I was born in 1966, the year of the Cultural Revolution. My parents were caught up in the chaos that swept through the country: factories stopped production; homes of Party officials and intellectuals were searched and destroyed; pidouhui, or public beatings, were conducted daily across the country. Middle school and high school students, now called the send-down youth, were transported to People's Collectives around the country to live and work with peasants. Then, in 1970, intellectuals (a term reserved for those, like my parents, who had been educated at college) began to be sent to labor camps to work "with their hands" and so to rehabilitate themselves and fulfill Mao's vision of a peasant-based society.
My mother's work unit, which was connected to the Department of Foreign Affairs, had set up their labor camp in a rather lovely part of the countryside in Shandong province, near the Yellow Sea. My father's labor camp was very different. It was in a remote mountain region in the southwest, looked down upon because it was populated with the Miao minority and had no modern living facilities. There the intellectuals were assigned hard labor, building secret military facilities against a nuclear attack from the West.

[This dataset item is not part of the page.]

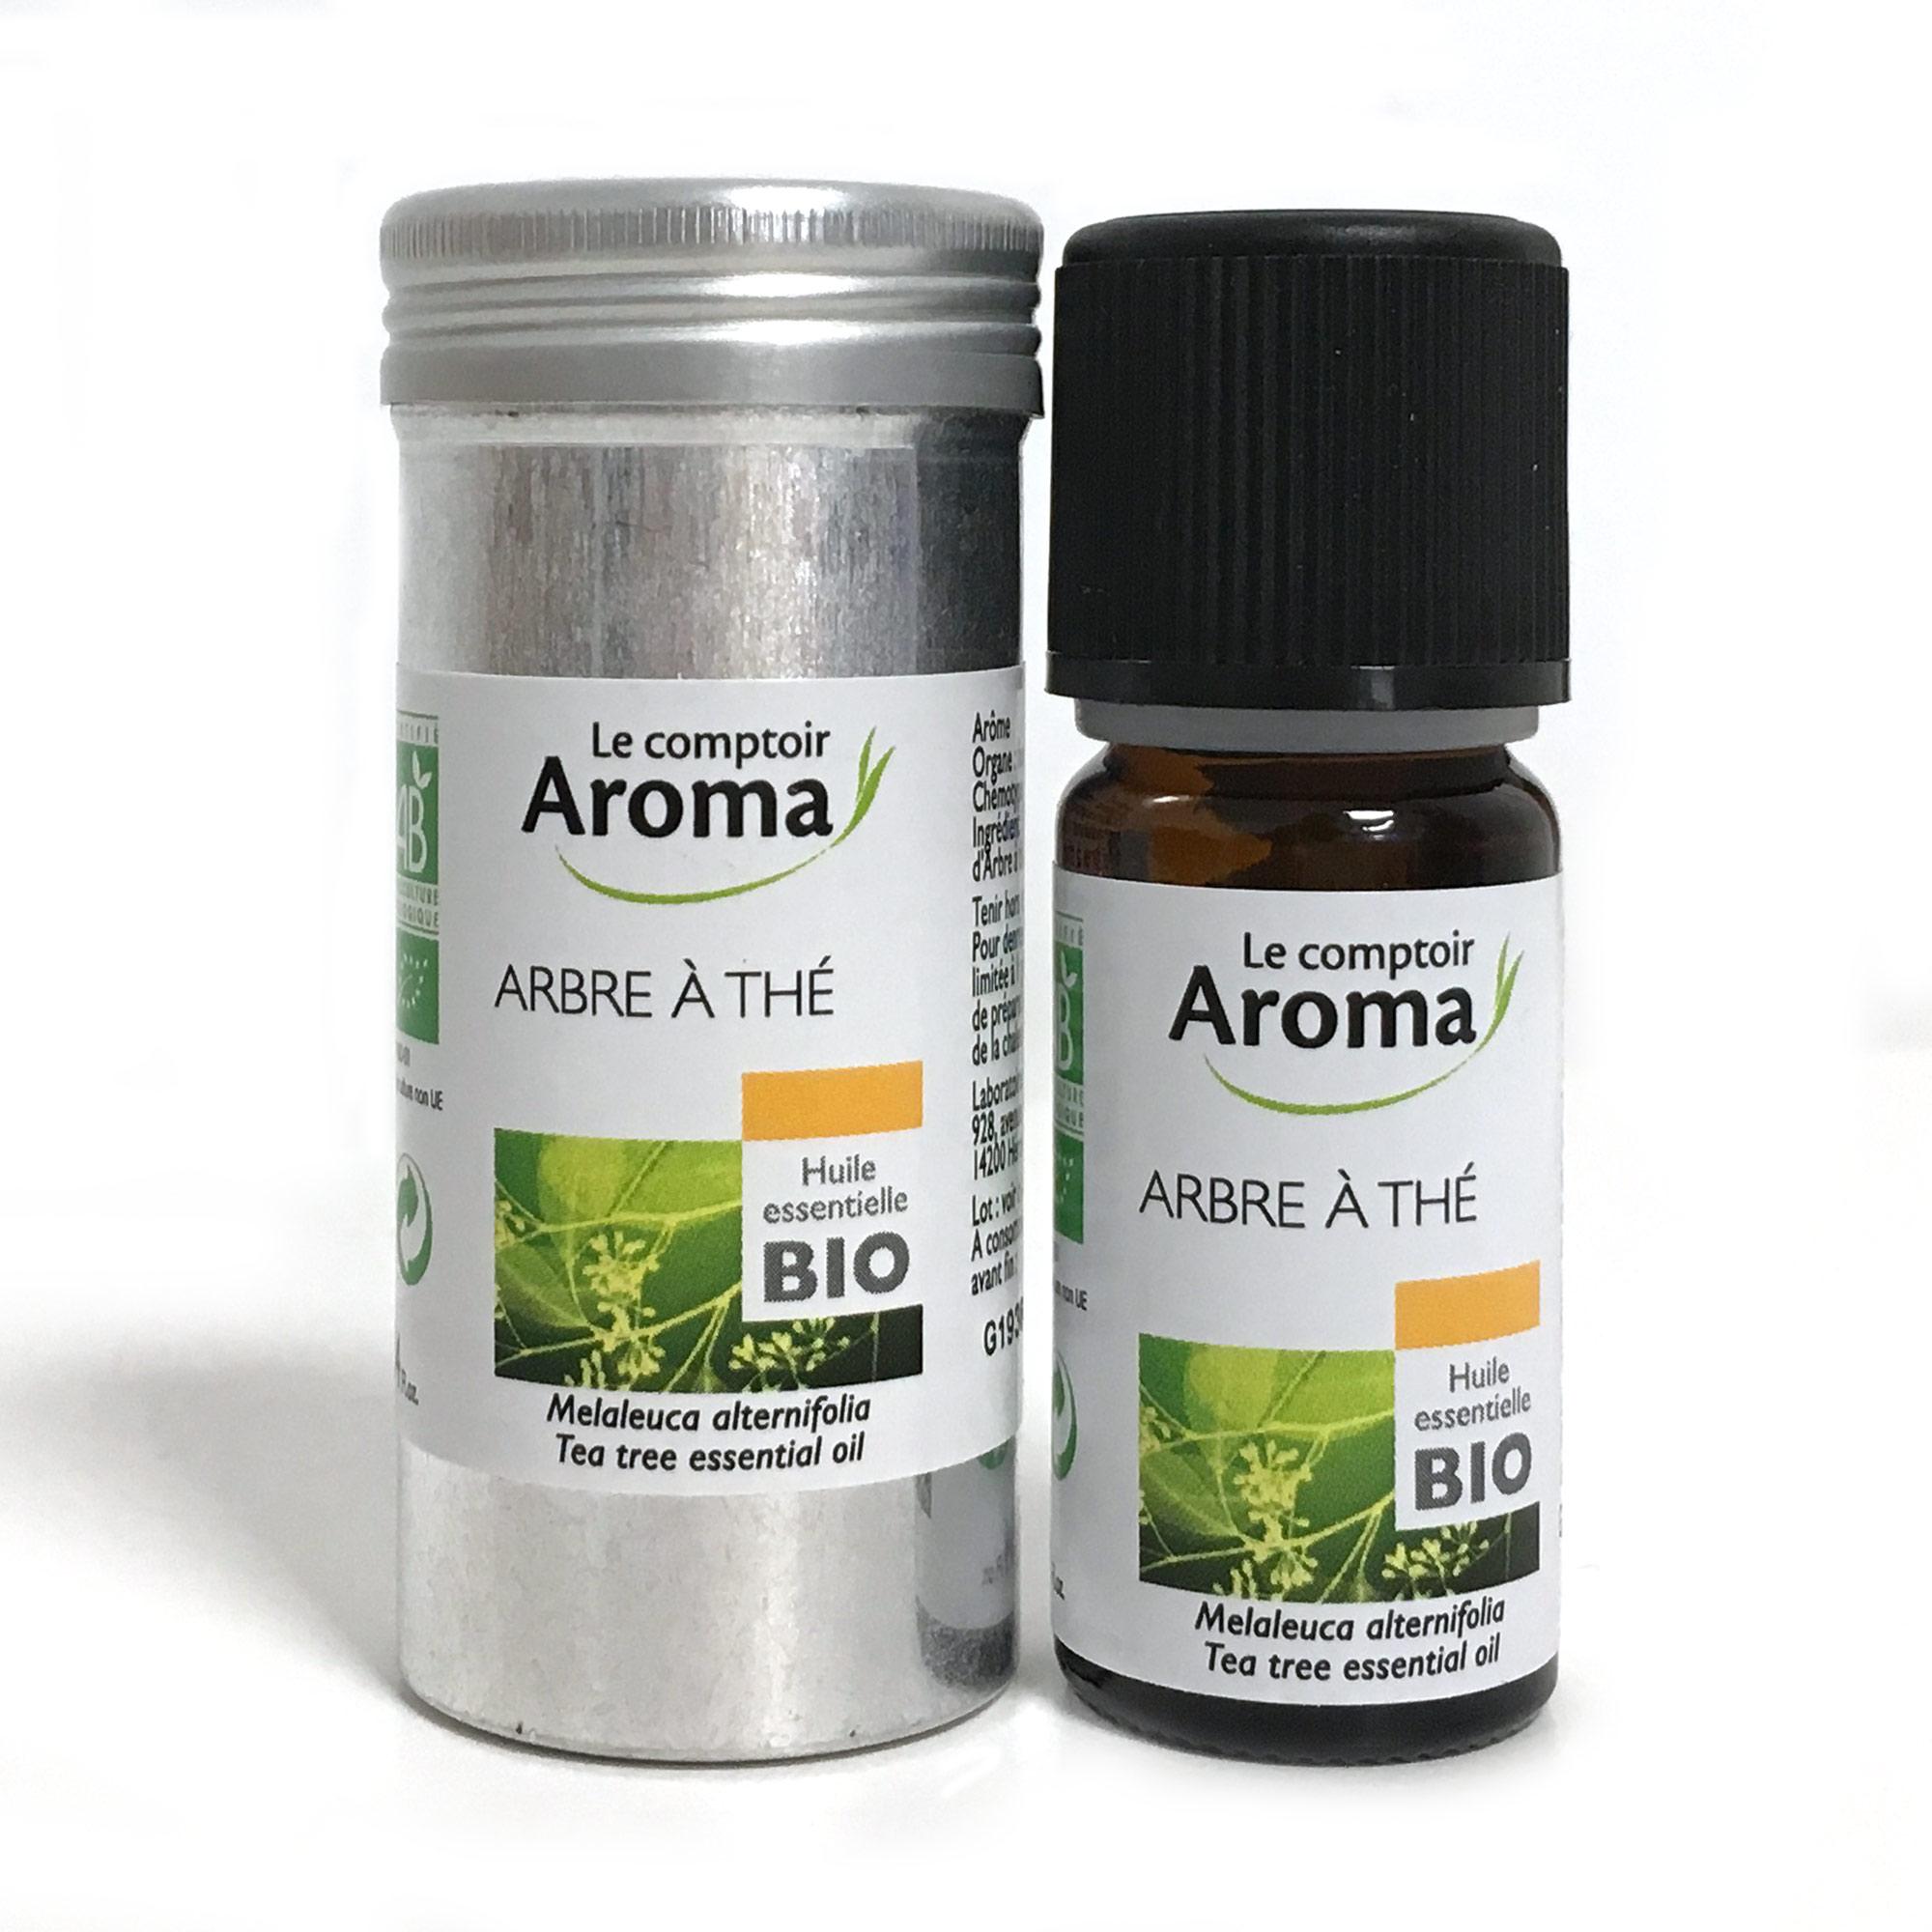 Le comptoiraroma huile essentielle d 39 arbre th bio flacon 10ml pharmacie en ligne prado mermoz - Huile essentielle d arbre a the ...

"Your mother and I had a choice," my father told me. "Either we could go to separate labor camps or your mother could exchange her place in the 'better' camp with someone from my work unit. Your mother chose to go to Sichuan with me." At this, he looked at her and smiled. They exchanged glances as naturally and effortlessly as they had exchanged their lives. It seemed that it was the simplest thing that one could do -- to be together as a family.
So the earliest memories of my childhood began in one of the most beautiful and magical regions of China. The labor camp was in the deep mountains of Nanchuan County, a region bordering Sichuan province and Yunnan province in the southwest of China. The mountains were giant, green and endless. When the rainy season came, shades of green would all smudge together into yet another nameless shade and spill over the edges, like paints dissolving on a canvas.